Très tôt le 25 février, un médecin m’a examinée et m’a dit que j’allais accoucher ce jour-là. J’ai appelé mon mari, qui était à la maison, et je lui ai dit de venir. Un trajet qui prend normalement 20 minutes lui a pris près de quatre heures à cause de files d’attente aux stations-services, dans les magasins et les pharmacies.

J’ai eu beaucoup de chance avec mon accouchement : il n’a pas eu lieu au sous-sol, contrairement à celui d’autres femmes qui ont été placées dans une pièce dédiée. J’ai commencé en salle d’accouchement, puis j’ai été transférée en salle d’opération pour une césarienne. Plus tard, alors que les sirènes d’alarme signalant des bombardements ont retenti, l’équipe médicale a voulu m’évacuer à nouveau vers le sous-sol, mais j’ai refusé. Je ne pouvais même pas parler tant la douleur était forte, il était impensable que l’on me déplace. Ensuite, avec l’anesthésie, je suis restée déconnectée du monde extérieur, et ça a sans doute été le seul moment où j’ai oublié que nous étions en guerre.

Après l’opération, je suis restée en soins intensifs pendant plusieurs heures, mais je n’étais plus sous anesthésie. J’ai eu très peur, car je ne savais pas où étaient mon bébé et mon mari. Une autre sirène d’alarme s’est déclenchée, et j’ai décidé de fuir vers le sous-sol. J’étais en blouse jetable, pieds nus, en fauteuil roulant, je tenais une sonde urinaire. On m’a enveloppée dans une couverture et emmenée dans l’abri, où j’ai enfin pu voir mon fils. Nous l’avons appelé Arthur. 

Un homme porte un bébé.
Yurii, le mari de Mme Shostak, tient dans ses bras son fils, à l’hôpital. Ils prévoient pour l’instant de se réfugier dans le sous-sol de leur maison. © Mariia Shostak

J’étais terrifiée, épuisée, j’avais mal. Le lendemain de l’opération, j’ai fait plusieurs allers-retours entre le sous-sol et la maternité. Les sirènes ne cessaient de retentir. Je ne dormais qu’une ou deux heures par jour. Nous avons passé le plus clair de notre temps au sous-sol, assis sur des chaises. J’avais mal au dos à force de rester assise, et les jambes enflées à cause d’une complication de ma grossesse. L’épuisement était plus fort que la peur, jusqu’à ce qu’un projectile frappe un immeuble très haut que nous pouvions voir depuis notre fenêtre.

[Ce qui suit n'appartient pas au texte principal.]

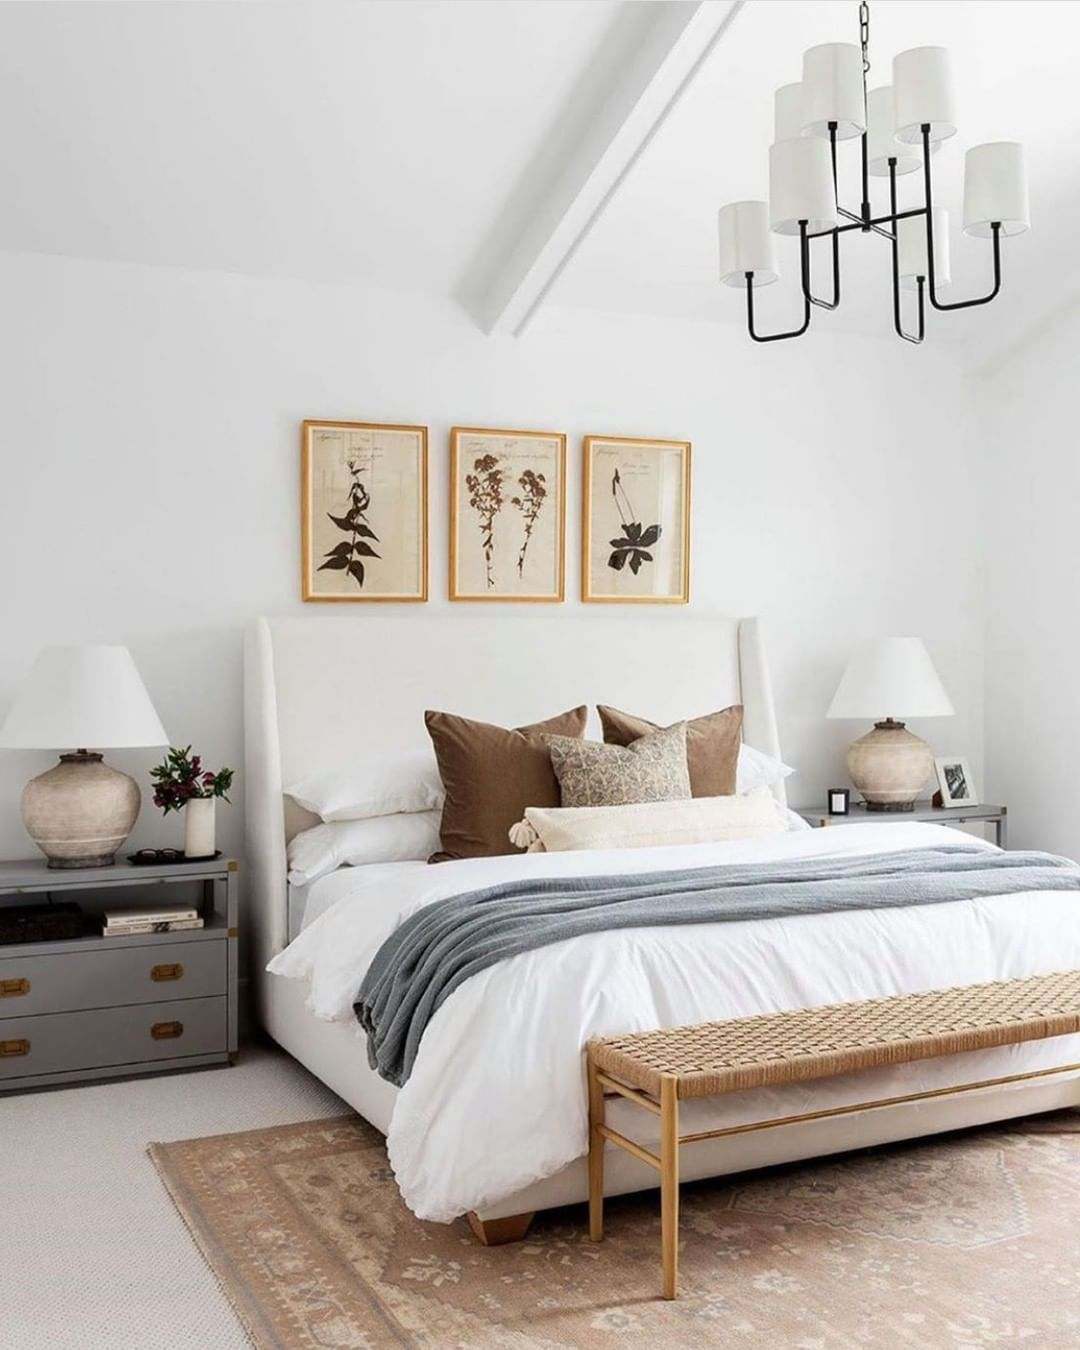 Lonny On Instagram On Saturdays We Sleep In It S A Mood Via Scandinavianhomes Photography Via Nordikspace Bedroom Interior Home Decor Home

Mon mari Yurii m’a aidée, a pris soin de moi et de notre bébé. Les équipes médicales ont organisé les repas dans le bunker et nous ont ensuite fourni des lits. Ils m’ont aidée à commencer l’allaitement, ont distribué des médicaments pour bébé, et m’ont tenue par la main lorsque j’avais du mal à marcher.

Je me sens en sécurité dans la capitale : il y a assez d’abris où se réfugier et les autorités nous tiennent informés en temps utile. Mon mari a aménagé un petit coin pour nous dans le sous-sol de notre maison. Je suis née et j’ai grandi ici, à Kyiv, je n’ai pas d’autre foyer. Nous ne partirons pas.